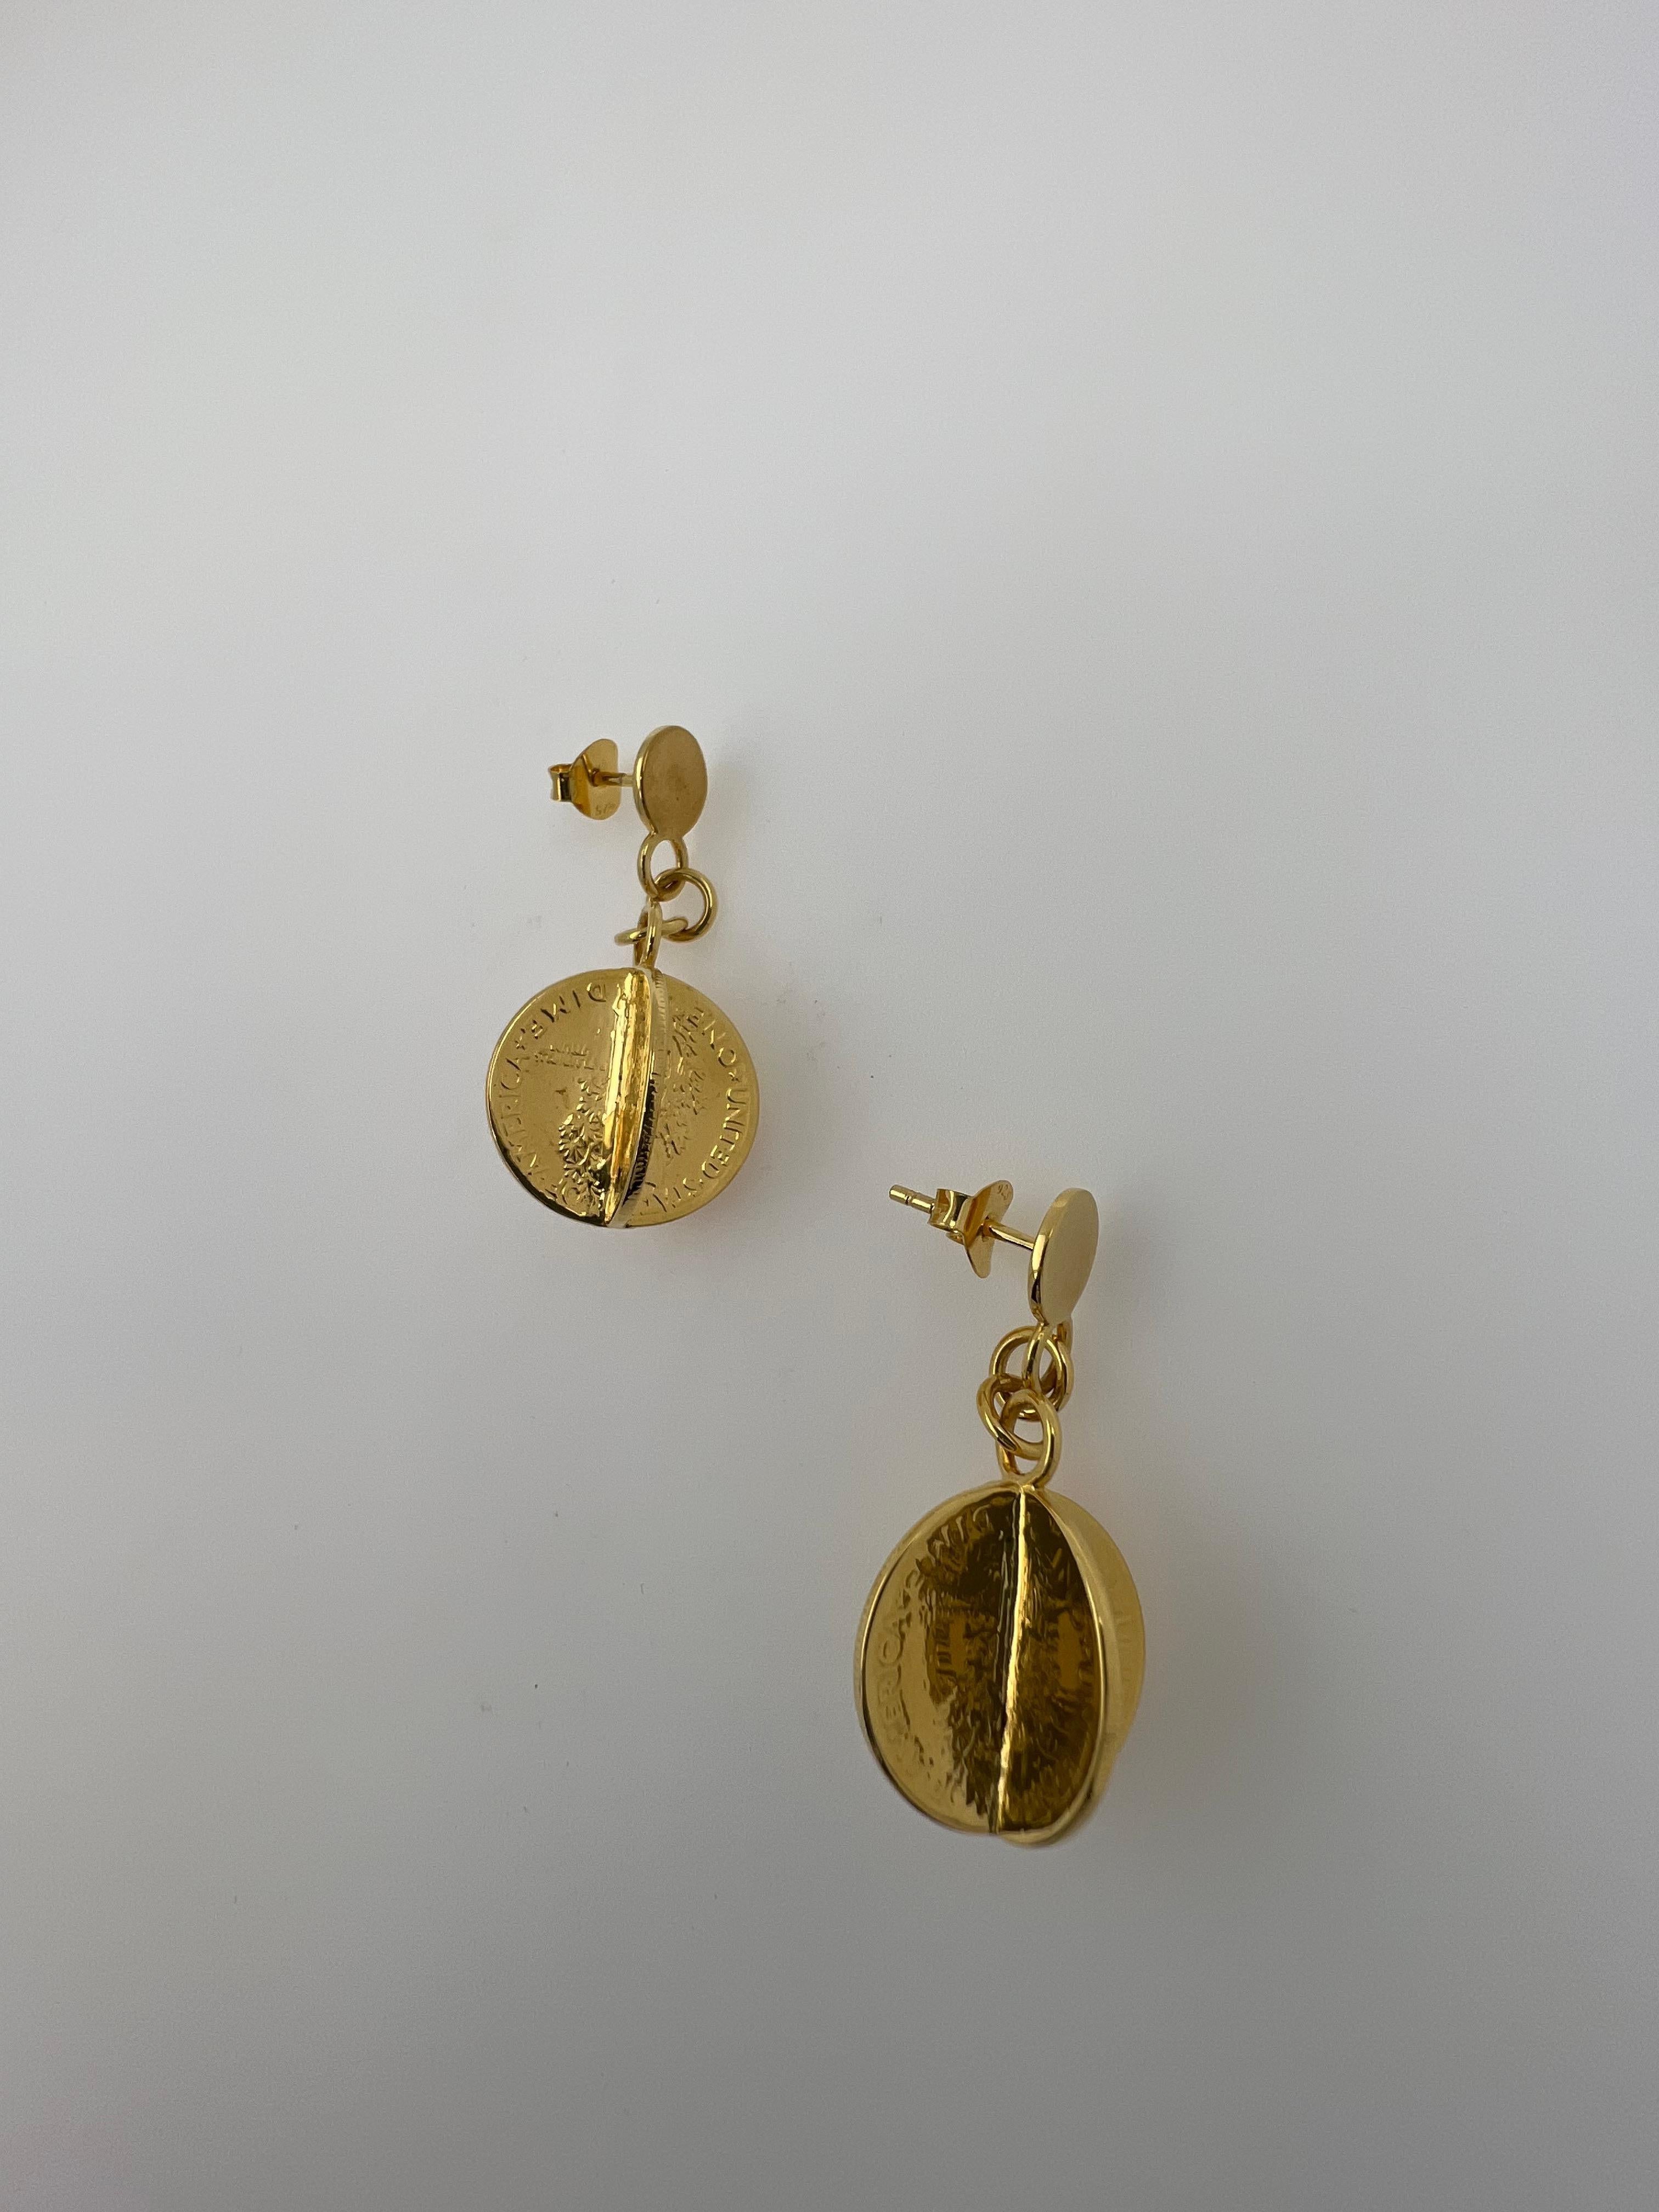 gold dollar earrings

---

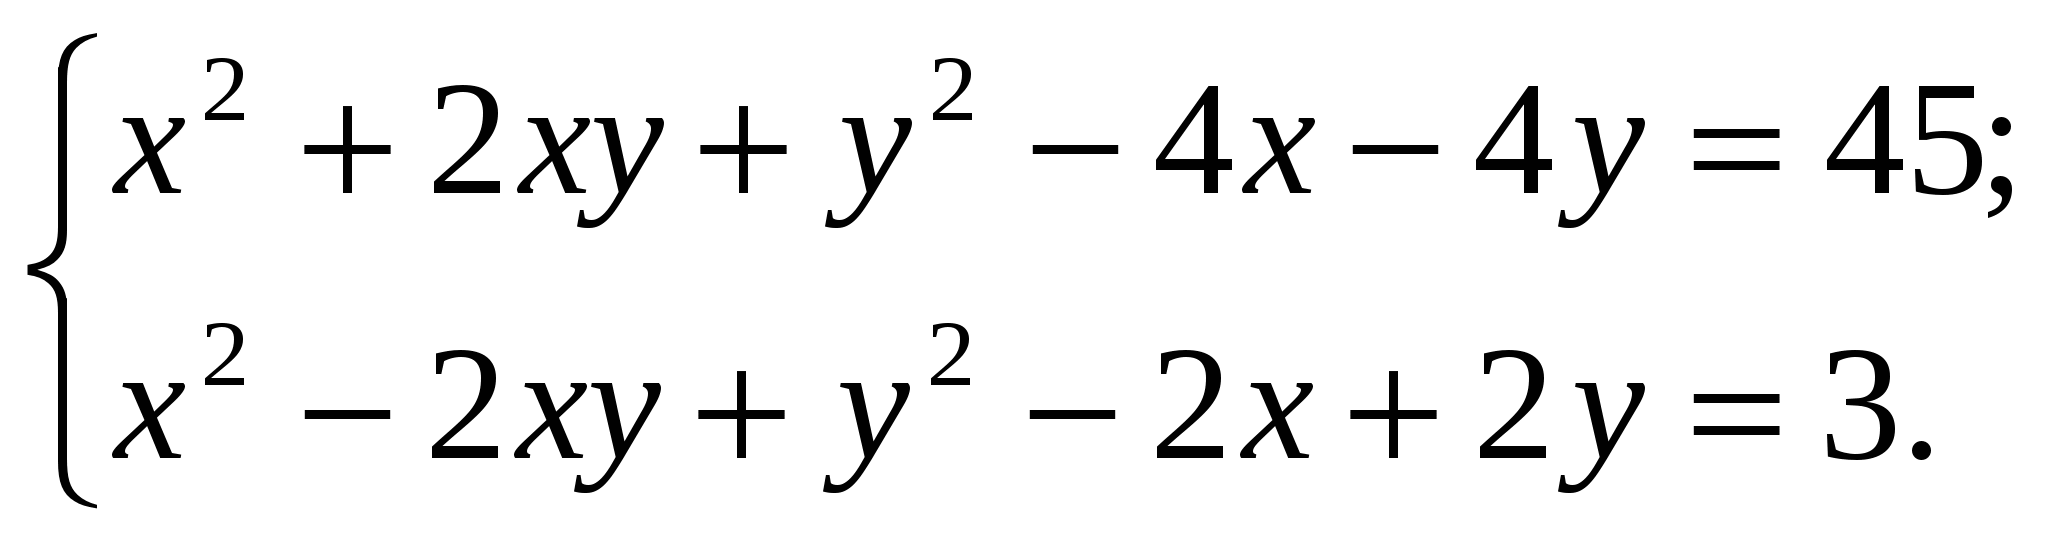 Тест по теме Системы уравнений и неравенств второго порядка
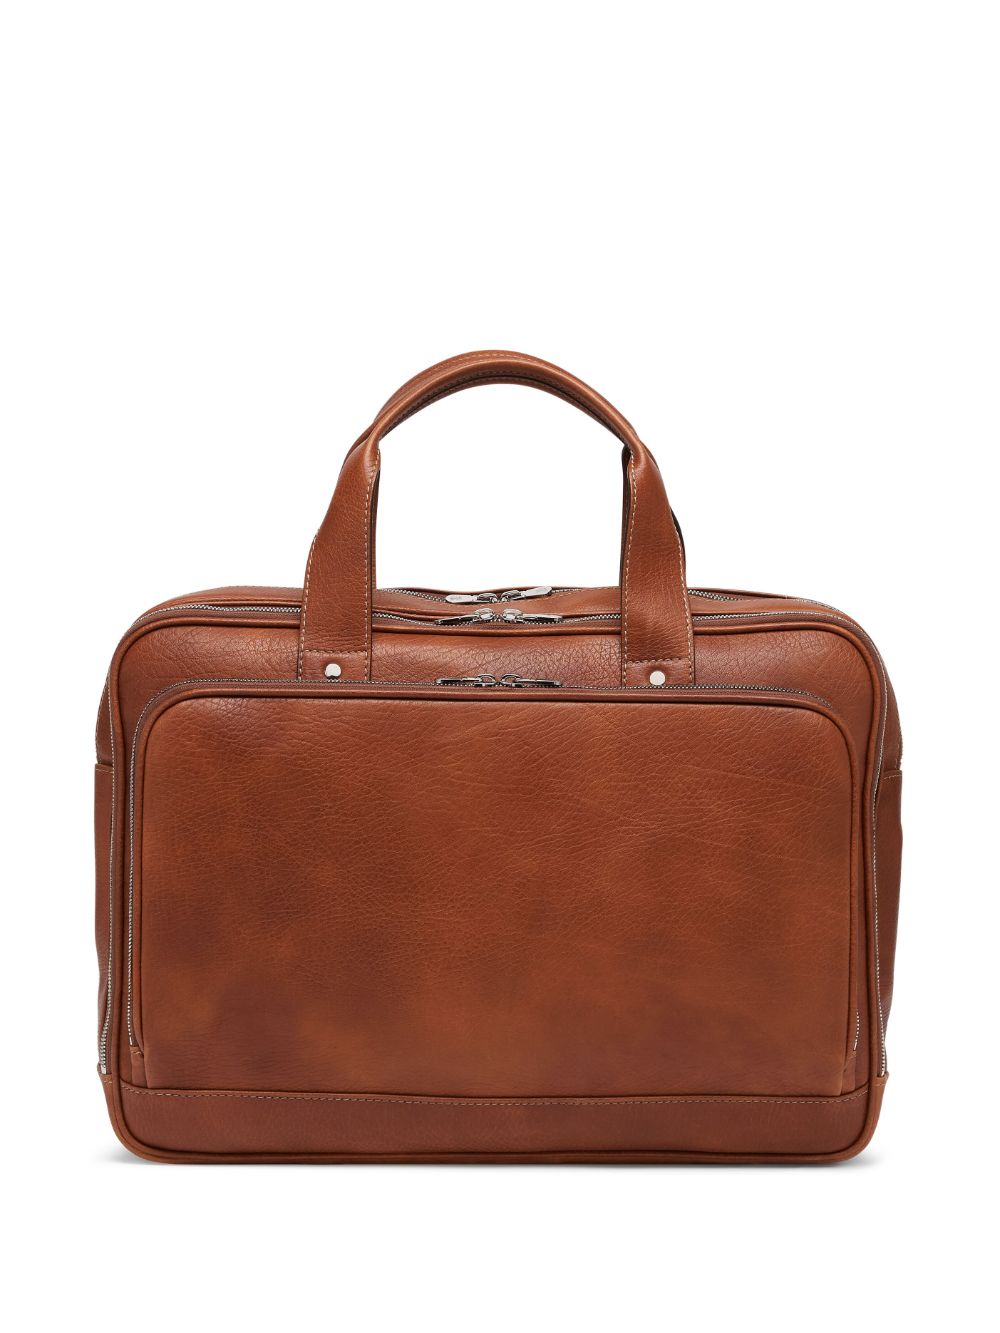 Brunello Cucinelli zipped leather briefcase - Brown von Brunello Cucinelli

TO DO: From the line with "Тест по теме" up to and including the line with "Brunello Cucinelli zipped" above, retype every line exactly and nothing more; leave out the pictures.

YOUR RESPONSE:
 Тест по теме Системы уравнений и неравенств второго порядка
 Brunello Cucinelli zipped leather briefcase - Brown von Brunello Cucinelli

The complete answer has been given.